The company intends to use the proceeds of the subscription receipt financing for general working capital purposes. Closing of the subscription receipt financing remains subject to the approval of the exchange.

As part of the closing of the sale transaction, the company intends to apply to the exchange to have its listing transferred to the NEX board, a separate trading board of the exchange, which provides a trading forum for companies that have fallen below the exchange's continuing listing standards.

Upon completion of the sale transaction, the current board of directors and management team of the company will resign, and Scott Ackerman (chief executive officer, chief financial officer and corporate secretary), Doug McFaul and Peter Dickie will join as directors and officers of the company.

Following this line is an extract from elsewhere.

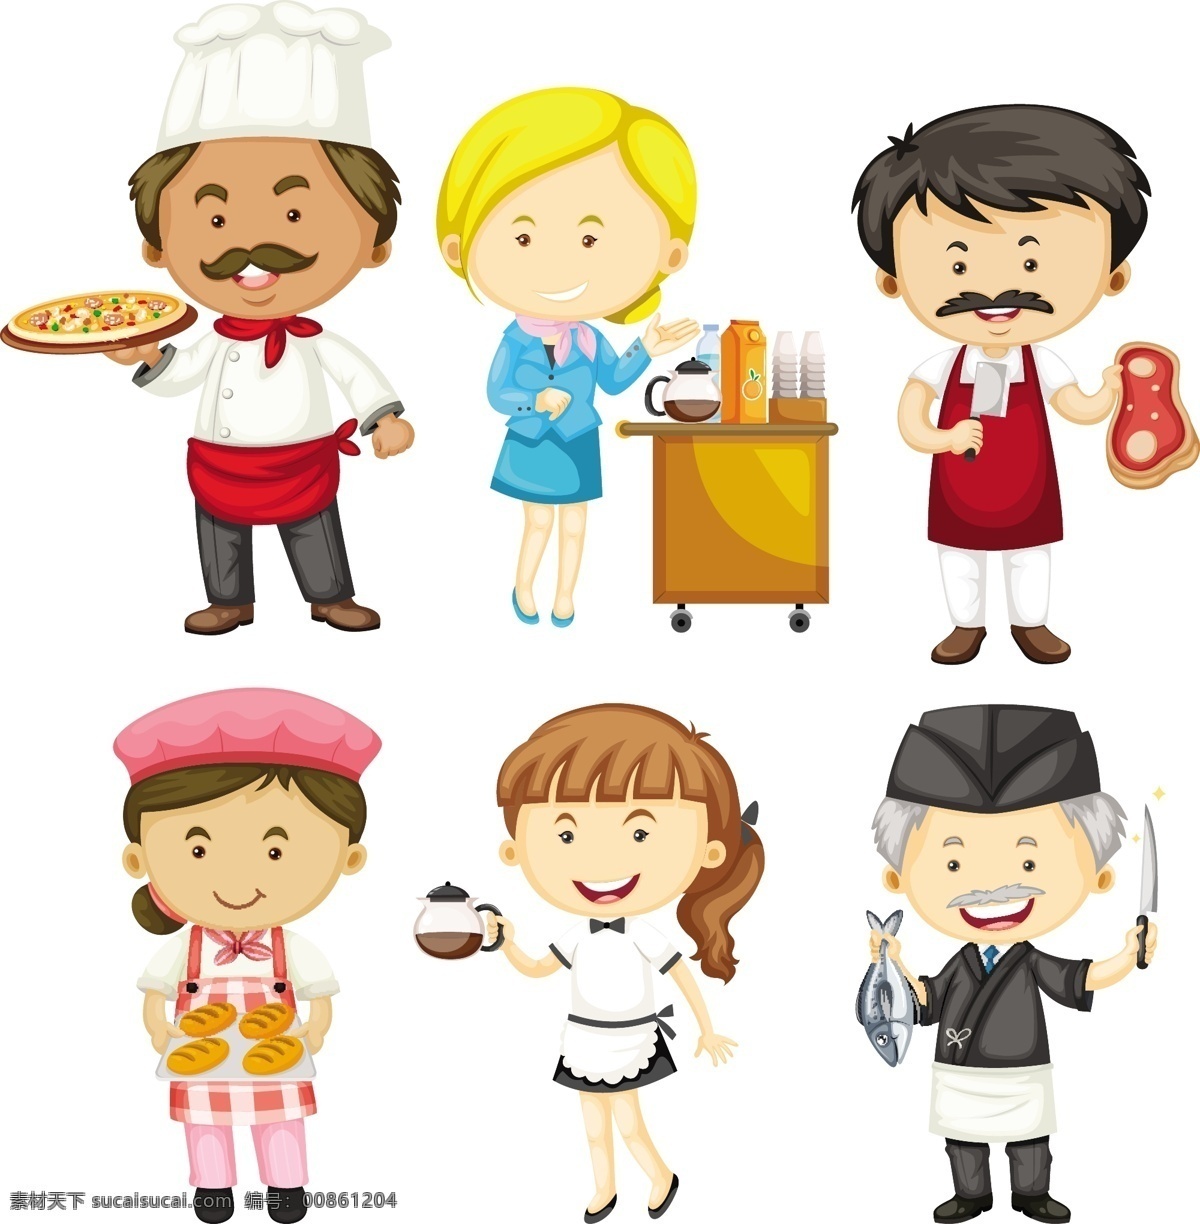 卡通厨师图片 卡通厨师 卡通餐饮人物 厨师 服务员 餐厅服务员 大厨 职业 人物素材 生活 矢量人物 餐饮人物 卡通儿童 卡通设计

The company also announces that its annual general and special meeting will be held in Vancouver, B.C., on May 17, 2024, at 10 a.m. Vancouver time. In addition to the standard items of business at general meetings, shareholders will be asked to approve resolutions for the company to proceed with the sales transaction, the consolidation and the change of control contemplated in connection with the subscription receipt financing.

Full details on the AGSM will be contained in the management information circular prepared for the meeting, which will be mailed to the company's shareholders and available for review under the company's profile at SEDAR+.

About Sparx Technology Inc.

Sparx is an interactive media technology company whose principal activities are providing media companies and sports teams with technologies to engage audiences. The patented Sparx platform enables broadcasters, streamers and video producers to engage viewers for longer, generate new revenue opportunities and create lean-forward experiences for audiences eager to join the action. Millions of users can connect to the Sparx platform and interact simultaneously on their mobile phone, tablet or computer anywhere in the world in real time.